• _WHAT TO WORK ON_:
From the first line to the last, print the material exactly, skipping the pictures.

• _DATA SHOWN_:
%%
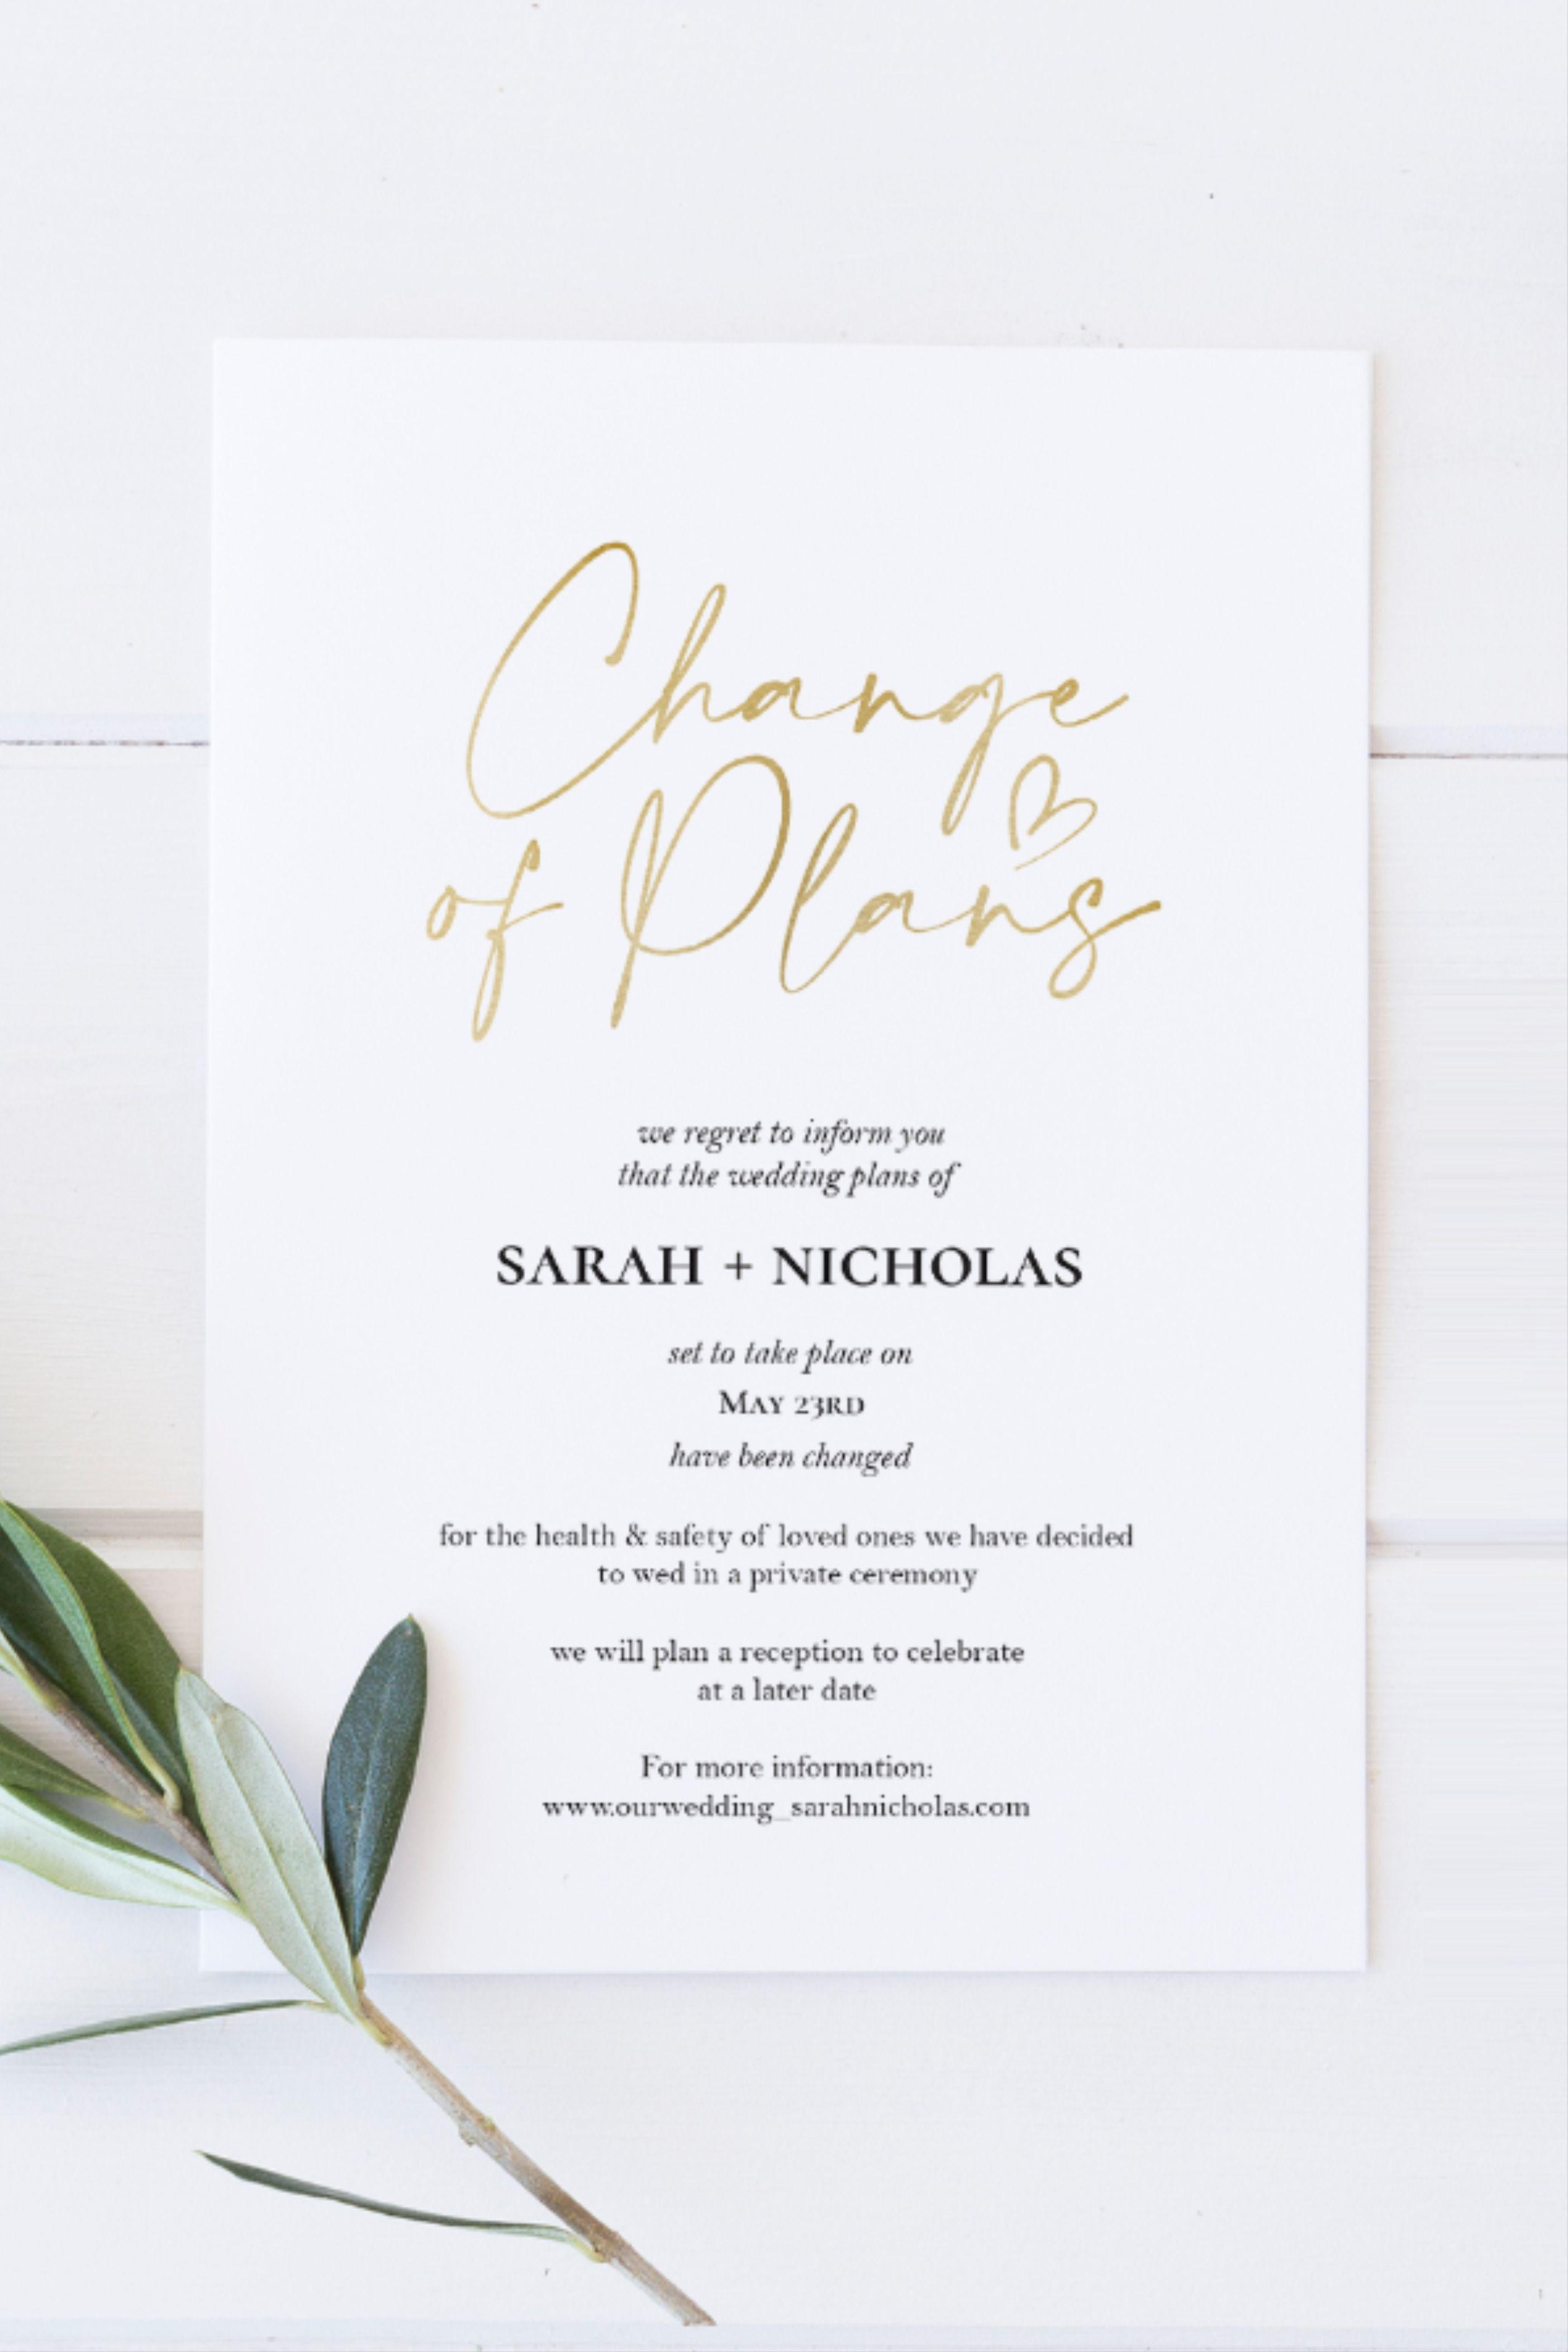 Wedding Postponement Text Message Instant Wedding Reschedule Announcement ANTOINETTE Change of Plans Invitation Template Hand-drawn
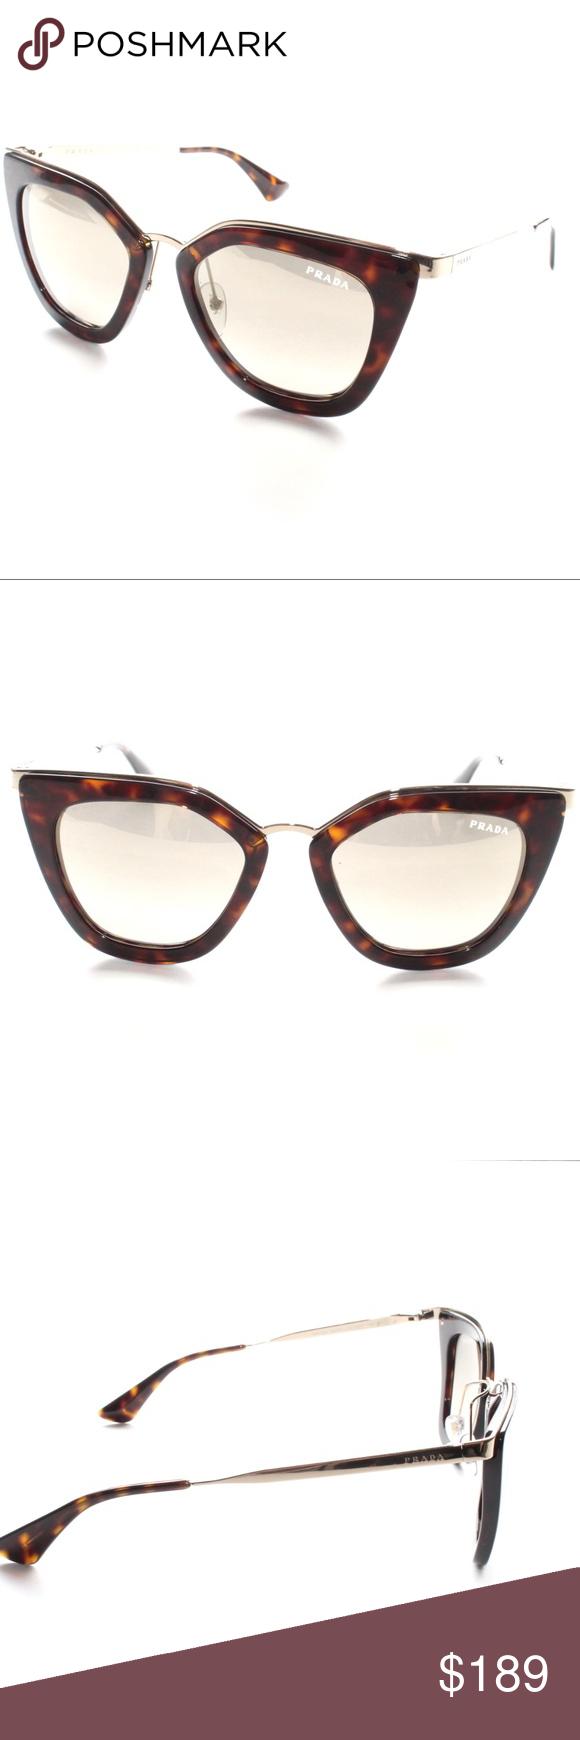 d4463dbe6e67 ... get prada sunglasses spr 53s 2au 3d0 havana gold brown brand new 100  authentic 7f8a0 99320 ...
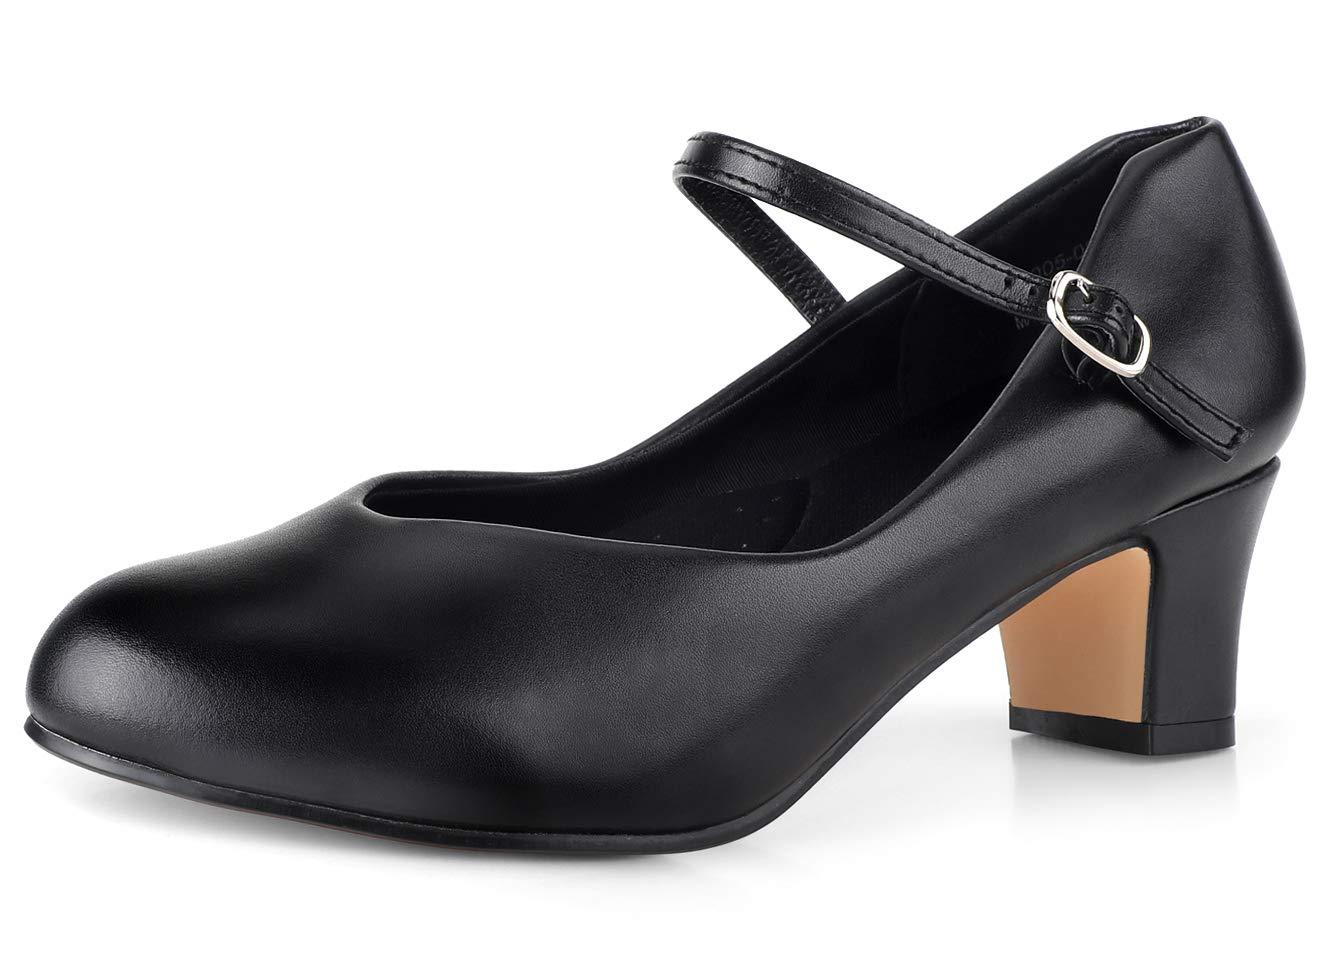 "SKOEX Character Shoes for Women 2"" Heel Black/Tan"
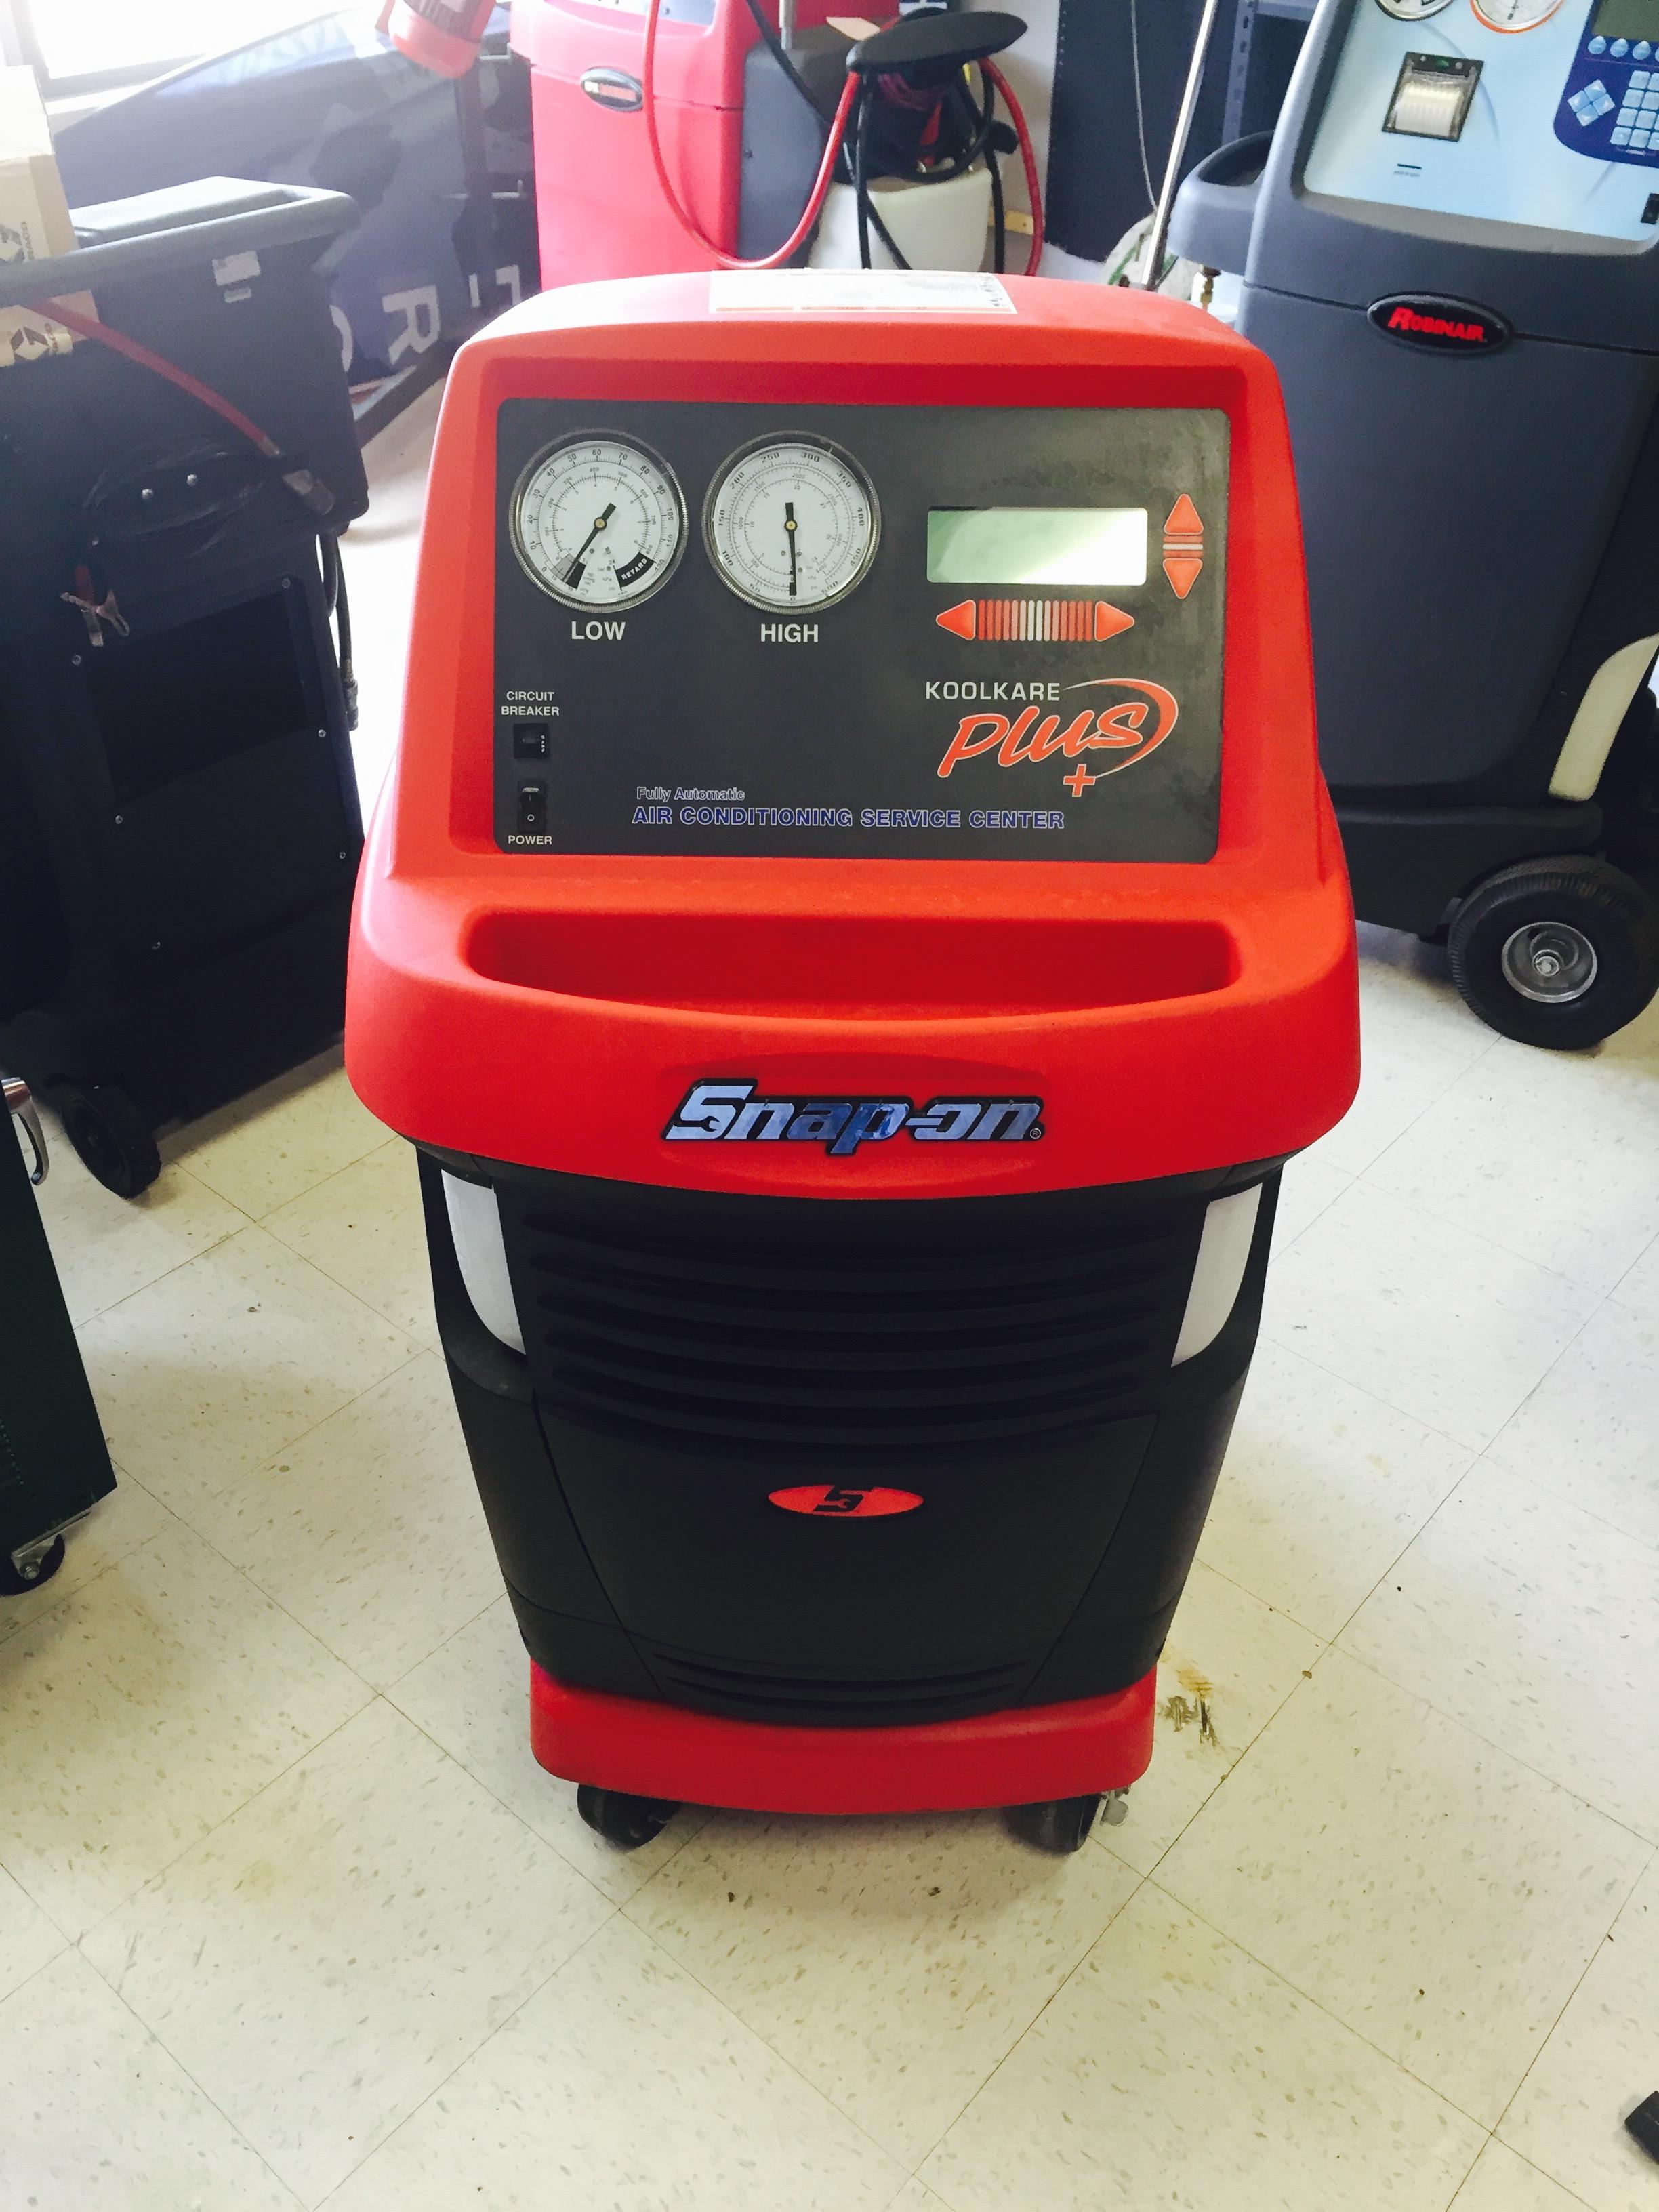 Robinair Ac Machine >> Un-Used/ Factory Return Snap-On EEAC325B AC Machine ...
%%
• _EXPECTED ANSWER_:
 Wedding Postponement Text Message Instant Wedding Reschedule Announcement ANTOINETTE Change of Plans Invitation Template Hand-drawn
 d4463dbe6e67 ... get prada sunglasses spr 53s 2au 3d0 havana gold brown brand new 100  authentic 7f8a0 99320 ...
 "SKOEX Character Shoes for Women 2"" Heel Black/Tan"
 Robinair Ac Machine >> Un-Used/ Factory Return Snap-On EEAC325B AC Machine ...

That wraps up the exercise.